Excerpted From: Creating Reproducible Data Science Projects. Justin Boylan-Toomey, July 25, 2019. https://towardsdatascience.com/creating-reproducible-data-science-projects-1fa446369386

  • Use Version Control
    Use a version control system such as GitHub or GitLab, to provide a remote backup of your codebase, track changes in your code and collaborate effectively as a team. Try to use git best practises, frequently committing small changes that solve a specific problem.
  • Agree a Common Project Structure
    Consider using tools such as Cookiecutter to generate a standard data science project folder structure for you.If a specific projects requirements mean you need to use a different structure than your team normally uses, document the new structure in your repositories README.md file.
  • Use Virtual Environments
    Use conda or Python’s built in venv environments to keep track of your projects dependencies and Python version information.
  • Clearly Document Everything
    Clearly documenting your projects and code will save you time if you have to revisit the project at a later date. It will also make it far easier for others to use your code or follow and build on your analysis. At a minimum include a README.md file at the root level of your repository. The contents will vary between projects but should include a description of the project and an overview of the methodology and techniques used. (see original article for additional information)
  • Use Jupyter Notebooks Wisely
    Consider moving your core logic out of your Jupyter Notebooks and into separate importable Python module files. This will enable the sharing of code across your team, avoiding duplicate and slightly edited versions of core data science code being scattered across your teams’ notebooks. Code quality will also improve as you can easily collaborate, run tests and conduct code reviews on your shared modules. (see original article for additional information)

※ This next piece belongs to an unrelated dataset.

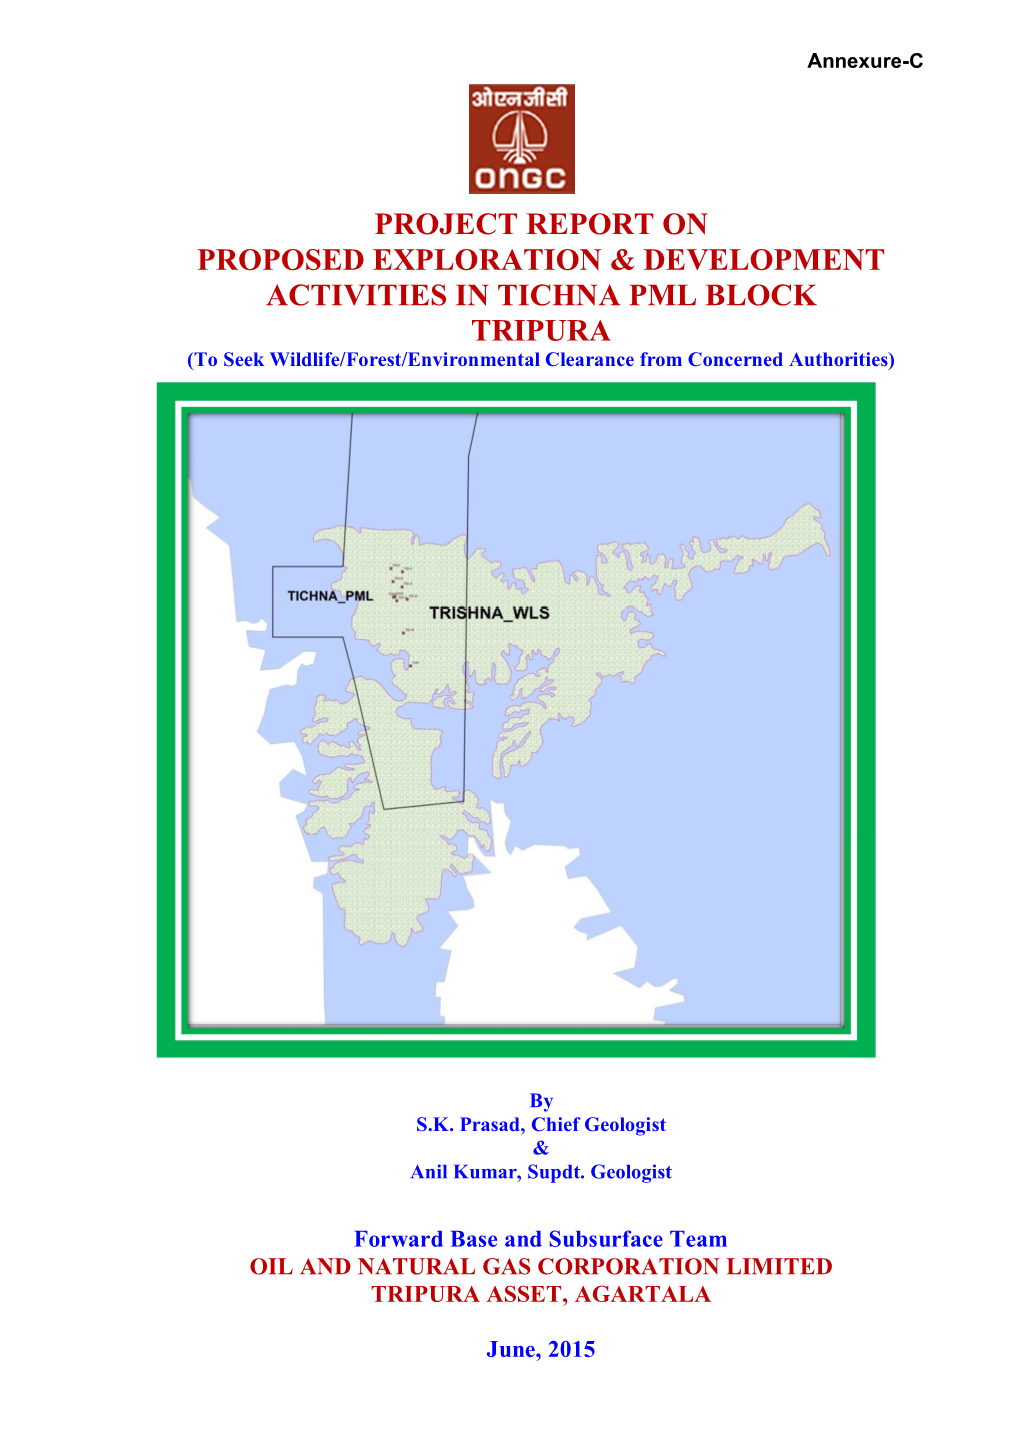 Project Report on Proposed Exploration & Development
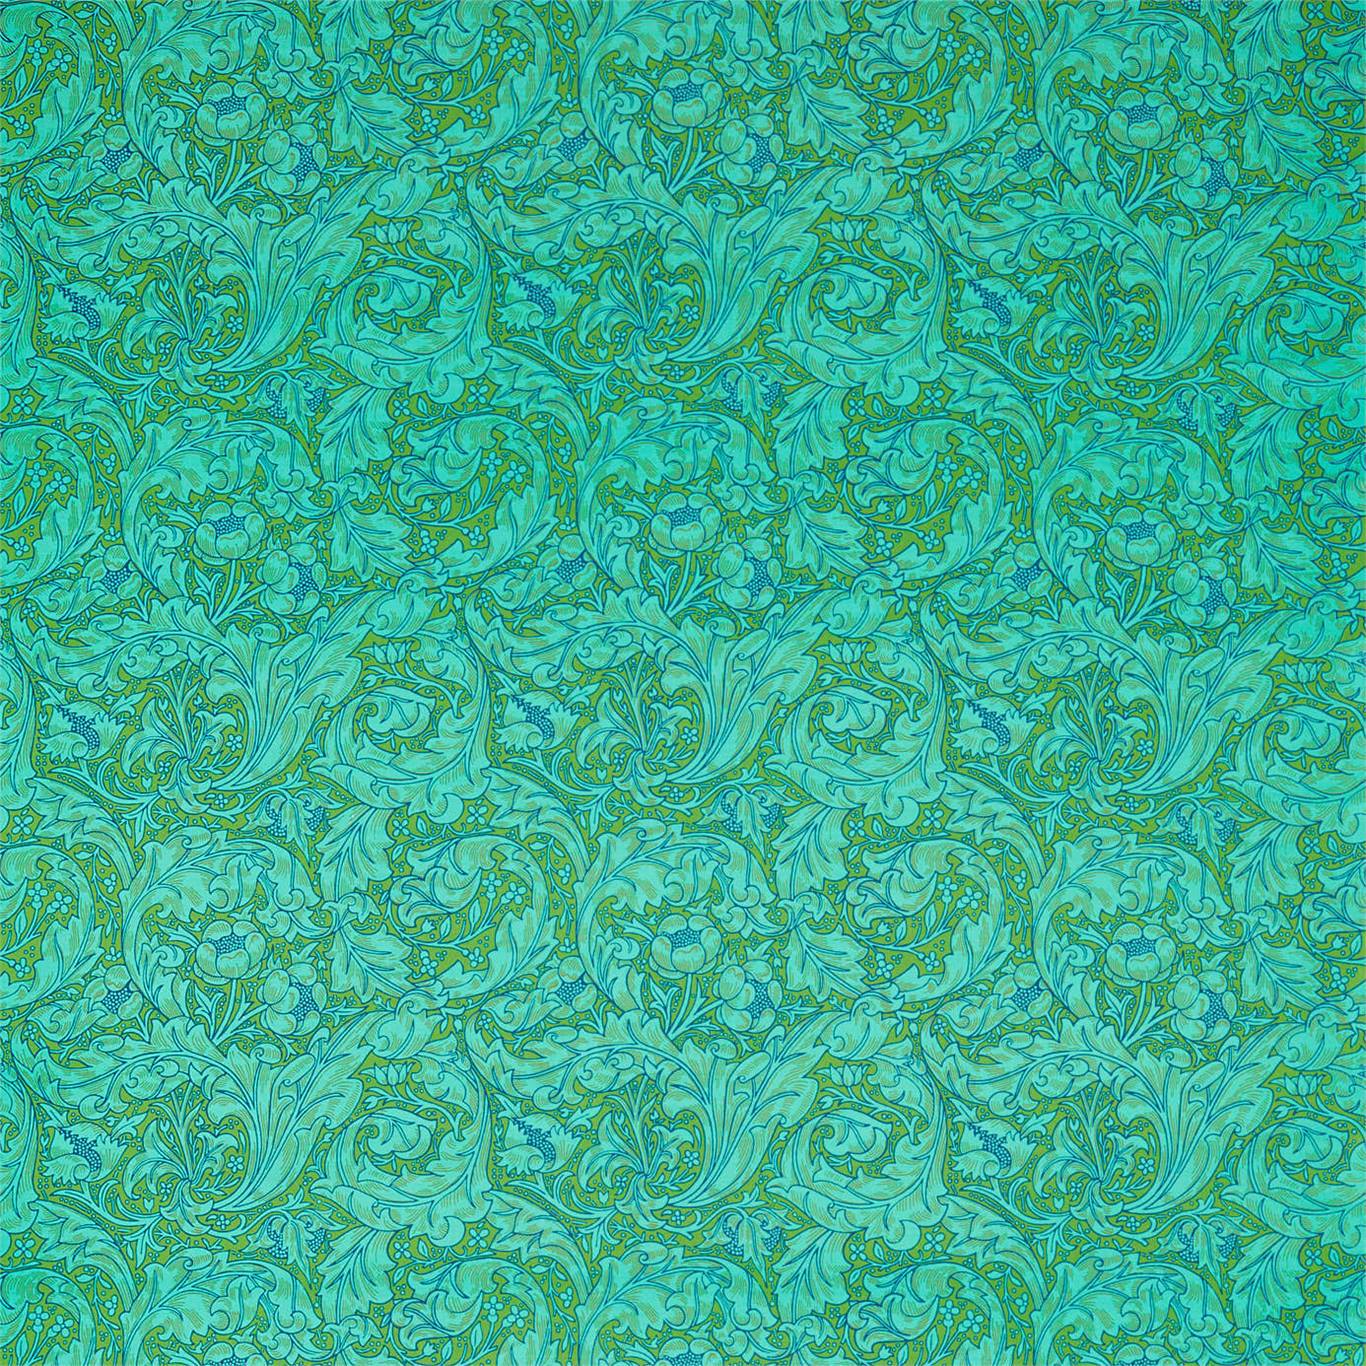 Bachelors Button Olive/Turquoise Fabric by MOR

  • Keep Your Code Sytlish
    Agree coding standards. Try to write Pythonic code in line with Python’s PEP8 style guide.Using a fully featured IDE such as PyCharm or Visual Studio Code with built in linting, will highlight any poorly styled code and help identify and syntactic errors in your code. Using an automatic code formatter such as Black will ensure that the code in your teams projects has a consistent style, improving readability.
  • Test Your Code
    Use a unit testing framework such as PyTest to catch any unexpected errors and test that your logic executes as expected. Where appropriate consider using Test Driven Development, this will ensure your code is error free and satisfies your requirements as you write it. It is also a good idea to use a tool such as Coverage to measure the proportion of your code covered by your unit tests. Python IDEs such as PyCharm have built in testing and coverage support, even automatically highlighting which lines of code are covered by your tests.
  • Use Continuous Integration
    Consider using continuous integration tools such as Travis CI or Circle CI, to automatically test your code when merged to your master branch. Not only does this prevent broken code from reaching master, it also simplifies the code review process. You can even use Black with a pre-commit hook to automatically format committed code, removing any debates over code style from the review process and ensuring a standard code style across your repositories.
  • Sharing Data & Models
    For larger or more complex projects consider using a cloud storage solution such as AWS S3, Azure Blob or locally hosted network storage to store your model and data. This can be combined with DVC a version control system designed to effectively version control the output of machine learning projects, without pushing your large data and model files to GIT.
  • Data Pipeline Management
    Try to make your data pipeline code modular, breaking your pipeline into modules for each discrete process and unit testing each of them. For larger more complex pipelines consider using a workflow management tool such as Spotify’s Luigi or Apache Airflow to execute your Python modules as chained batch jobs in a directed acyclic graph.